0x200 COMMAND Command register to control execution. Writing 1 to this register resets the accelerator, writing 2 lifts reset and external stall, and writing 4 enables the external stall signal, pausing execution.
0x300 DEVICE_CLASS Device class (vendor ID) of the accelerator. Currently unused by the driver.
0x304 DEVICE_ID Device ID of the accelerator. Currently unused by the driver.
0x308 INTERFACE_TYPE Version number of the interface. This describes interface version 2.
0x30C CORE_COUNT Core count of the accelerator. Multicore devices are currently not supported.
0x310 CTRL_SIZE Size of control memory (this register space) in bytes. Must be at least 1024.
0x314 DMEM_SIZE Size of the data memory in bytes
0x318 IMEM_SIZE Size of the instruction memory in bytes
0x31c PMEM_SIZE Size of the parameter memory in bytes.
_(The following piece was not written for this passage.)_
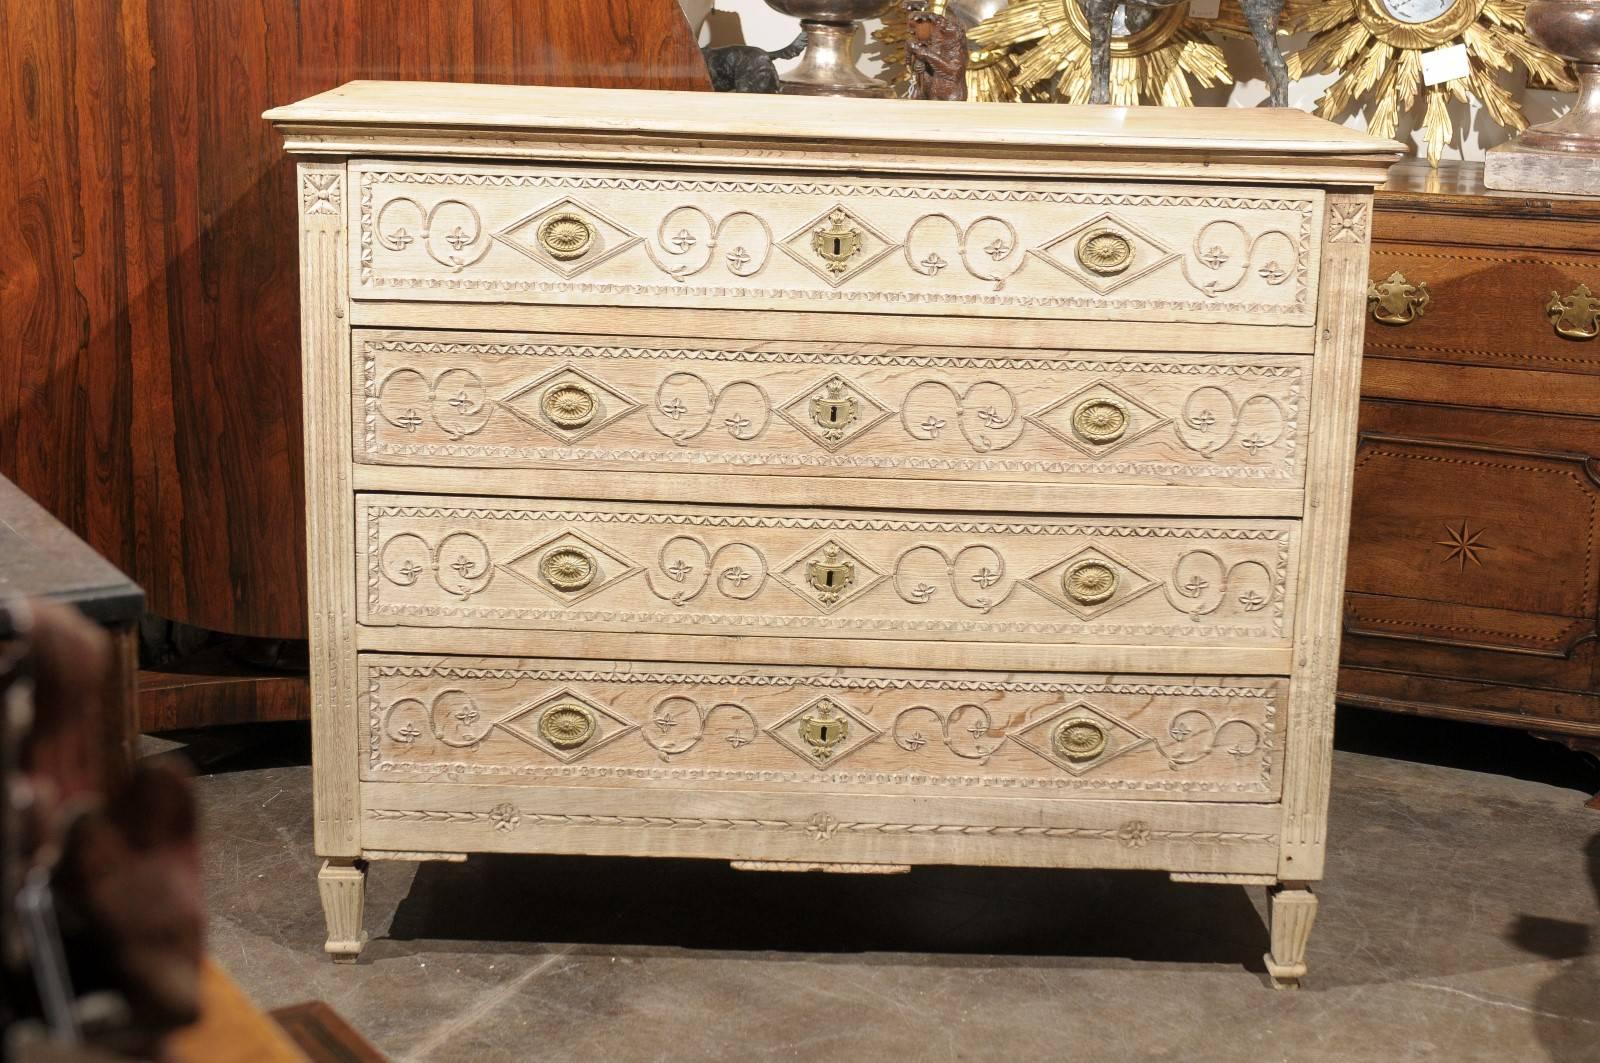 French commode with floral and geometrical motifs from the 19th century.  This late 19th century French bleached commode features a three-plank rectangular molded top over four capacious dovetailed drawers and framed molded sides. Each drawer is

The instruction memory can be used to configure the accelerator. However, it currently has to be done manually, and is not managed by pocl. The data memory is used to store an AQL Queue, as defined by the HSA Runtime Programmer’s Reference Manual, the write and read indexes of which are exposed by the control registers. The size of the queue is such that it uses all of the data memory. Finally, the parameter memory is used to store data and argument buffers as well as completion signals for the kernels.
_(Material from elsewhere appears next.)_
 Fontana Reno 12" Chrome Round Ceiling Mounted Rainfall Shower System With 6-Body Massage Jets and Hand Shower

As a practical example, enqueuing a kernel dispatch packet proceeds as follows:

  • The driver allocates and populates the OpenCL buffers and the argument buffer for the kernel, as well as space for a 32-bit completion signal.
  • The driver writes the kernel packet, excluding the header, to the device. Its position depends on the value of the write index. The completion signal address as well as the argument buffer address and pointers to buffer arguments are given as physical addresses in the accelerator’s address space. The kernel object simply corresponds to the kernel IDs shown in the table below.
  • The driver sets the packet header and increments the queue write index.
  • The device executes the kernel and writes a 1 in case of a success or a 2 in case of a failure to the completion signal address, if it is not 0.
  • The driver sees the completion signal change, and can consider the command completed.

Usage

To enable this driver, simply add -DENABLE_ACCEL_DEVICE=1 to the cmake arguments. On small FPGA SoCs and other relatively low performance hosts, you may wish to follow the instructions in LLVM-less build.
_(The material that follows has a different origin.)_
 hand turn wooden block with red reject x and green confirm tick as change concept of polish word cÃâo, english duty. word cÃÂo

The fixed-function accelerators need to be told what kernel to execute. For this, the accel driver has a list of builtin kernels that can be referred to in the clCreateProgramWithBuiltInKernels call:

Kernel name Kernel ID Function
pocl.copy 0 Copies from argument 0 to argument 1 as many bytes as there are work items
pocl.add32 1 32-bit element-wise addition on arrays pointed to by arguments 0 and 1, stored in an array pointed to by argument 3
pocl.mul32 2 As pocl.add32, but with 32-bit multiplication

This list will be expanded in the future.

There is an example program using the accel driver in examples/accel which also includes the VHDL code for synthesizing the accelerator. The accelerator has been developed with the TCE toolset. In order to synthesize the accelerator for a Xilinx FPGA SoC, you can follow the instructions in the TCE manual, in the section titled System-on-a-Chip design with AlmaIF Integrator. Make sure to check the accelerator base address from Vivado.

Driver arguments are used to tell pocl where the accelerator is and what functions it supports. To run this example manually, execute:

POCL_DEVICES=accel POCL_ACCEL0_PARAMETERS=0x43C00000,1,2 ./accel_example

The environment variables define an accelerator with base physical address of 0x43C0_0000 that can execute pocl.add32 and pocl.mul32. When running the example, verify that the address given in the parameter matches the base address of the accelerator.

Note that as the driver requires write access to /dev/mem for memory mapping, you may need to execute the application with elevated privileges. In this case, note that sudo by default overrides your environment variables. You can either assign them in the same command, or use sudo with the --preserve-env switch.